Interview: Nitynawa (Jaqueira Pataxo Village)

In the heart of the rainforest, a reserve was established by three sisters to help preserve and revitalize the original Pataxó culture. We spoke to one of the founders, Nitynawã, and heard how encouraging visitors to experience Pataxó culture rejuvenated it for generations to come.

Bee + Hive: What was the goal of Jaqueira Pataxó village?

Nitynawã: Our goal here in the village is to protect the cultural part of our people. So the importance for us here is our own culture – singing around the campfire at night, the shaman, contact with the earth, with the forest, as our elders taught us. And the space was opened for visitors to experience our culture. And it is the visitors who help us to preserve what’s here, and to strengthen Pataxó culture. Today we have a school in the village, from kindergarten through fifth grade that teaches the Pataxó language. Everything here in the village was through the visitors here, visiting us.

Bee + Hive: Tell us about the Jaqueira Paxato Village experience?

Nitynawã: Normally when the visitors come, they will listen…They will be welcomed, then they will hear about the Pataxó culture and its environment, which I or another villager will give. The history that we tell visitors is the history experienced by us. [We were] a people that always walked in this region here, from Santa Cruz Cabrália, to Prado, Barra Velha… So we still live a very traditional life, walking in the woods, planting, harvesting, and making crafts. That is our life, and that’s what we pass on to our visitor. We founded the village of Jaqueira out of the need to strengthen our culture, preserving 827 hectares of Atlantic Forest. So, just as we watched our parents doing the rituals, the sacred ceremonies, the paintings, making crafts, today we also pass on here in the community to these young people. And that’s what we also show here for our visitors.

Bee + Hive: Visitors also have the option to spend the night here, is that right?

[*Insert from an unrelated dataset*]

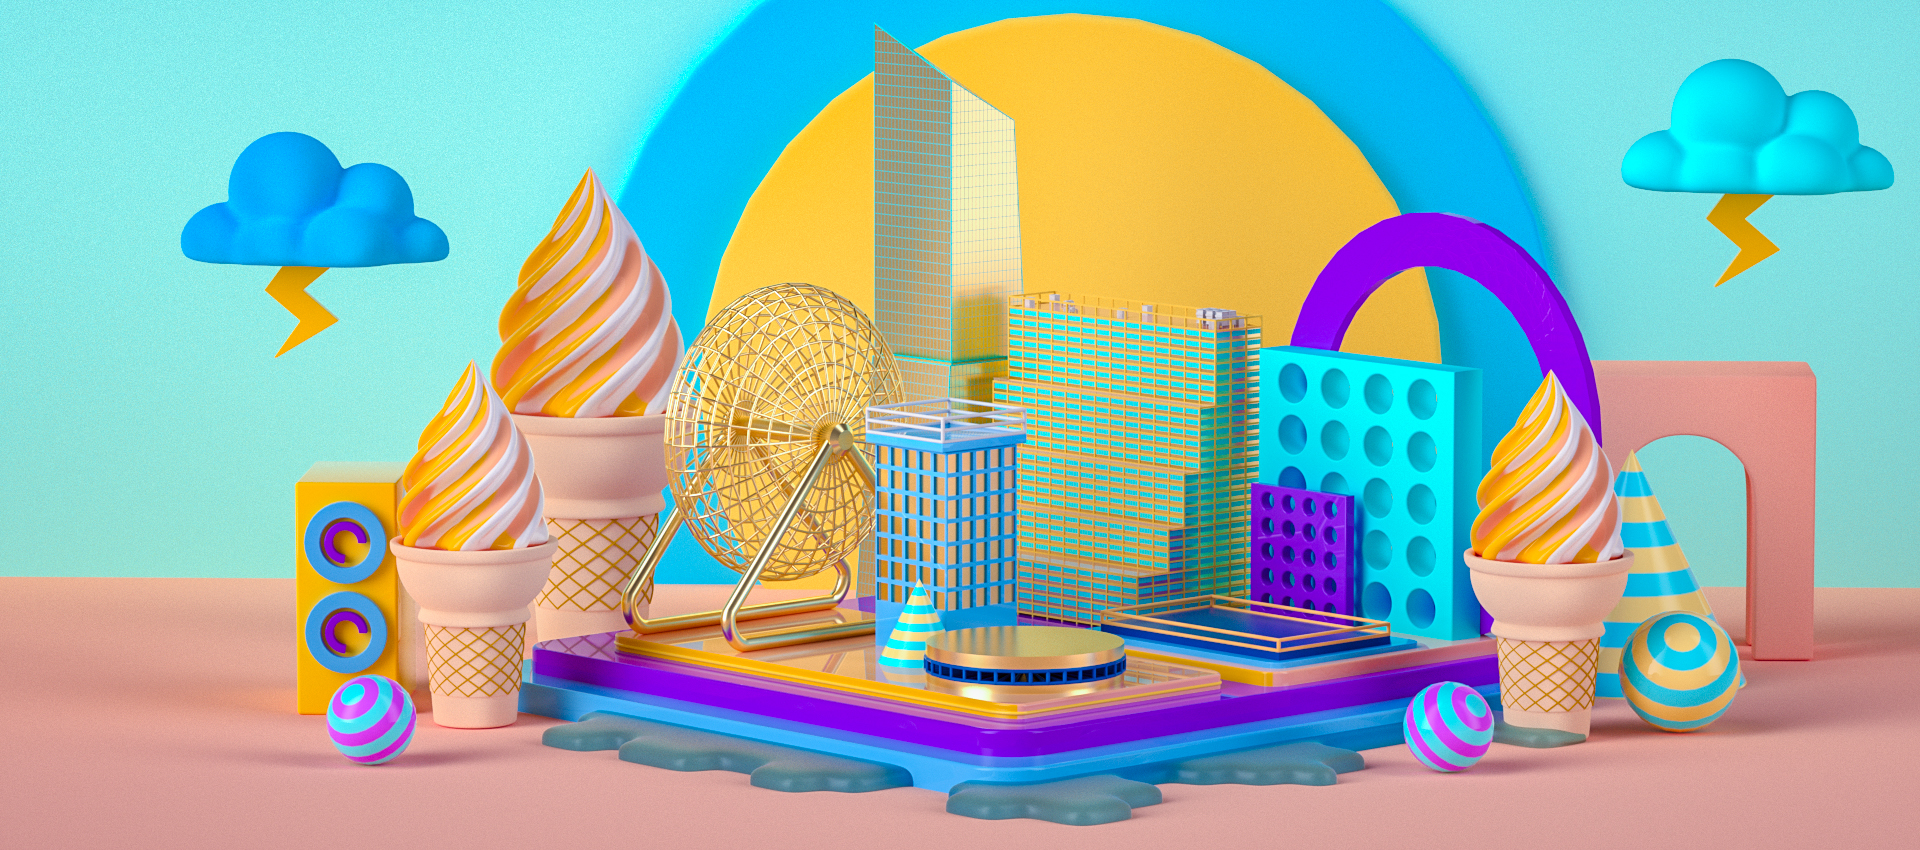 C4D模型虚拟城市展台绚丽色彩创意C4D模型虚拟城市展台绚丽色彩创意.jpg
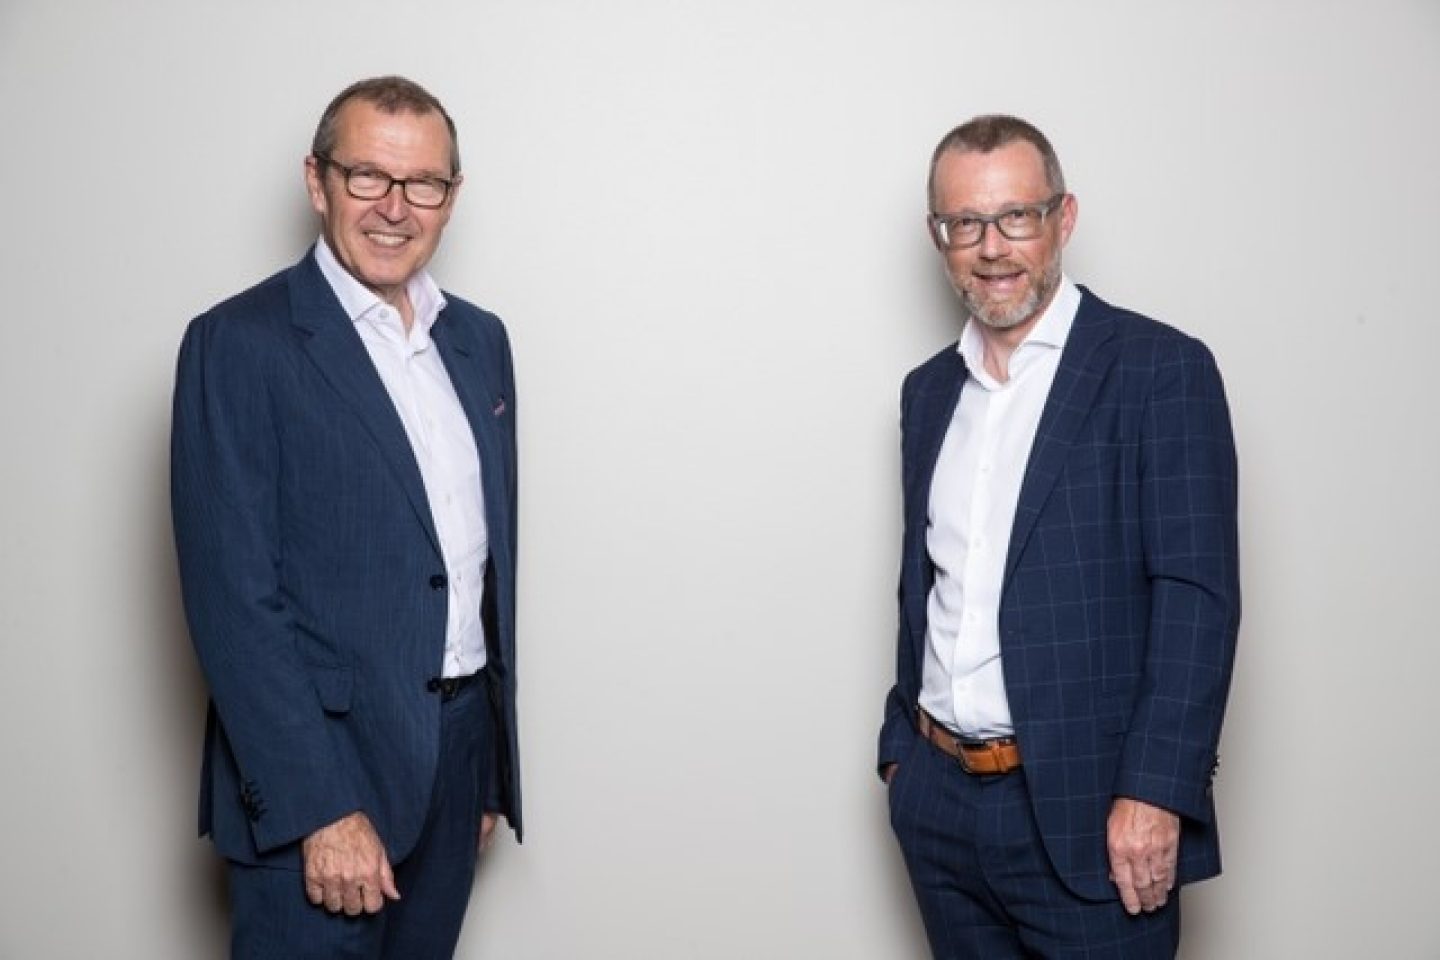 Markus Hongler (sinistra), CEO della Mobiliare, e Heinz Huber, CEO di Raiffeisen Svizzera

Nitynawã: Yes. We have three tours: one about three hours long, one that lasts all day and one that includes an overnight stay. Visitors have lunch, dinner and breakfast with us, participating in clay making and craft making during the day which they can take home, and then spend the night with us. We do everything together.

Bee + Hive: How does tourism and the village help the environment?

Nitynawã: I think with planned and organized tourism, people can keep the environment preserved. Today, we do educational work and we also have a nursery of native seedlings. With this we help to reforest some degraded areas, coastal woodlands, or other spaces. My message is that the tourists come to visit us, and help us take care of these forests, help strengthen our ethnicity, and in this way, we will help others who need it. If they need us to also give a lecture in a school somewhere, in another place, we do that. We do workshops in other places, in hotels, we are invited by events to do workshops for crafts making, painting, archery, and we will also do these with visitors, too.

Bee + Hive: And what do you most about the life you lead here?

Nitynawã: What I like the most is to pass on some of the history of my people to those who do not know it. Because it’s a history that few people know, the history of the Pataxó people.  And I also like to see the kids here running, playing, jumping, studying, having the freedom to be a child. To see our older people around the campfire, to see an elder sitting on his mat, this is something for us, we are very happy to see, something that in other places, sometimes they cannot experience this anymore. I’m very happy here in Jaqueira.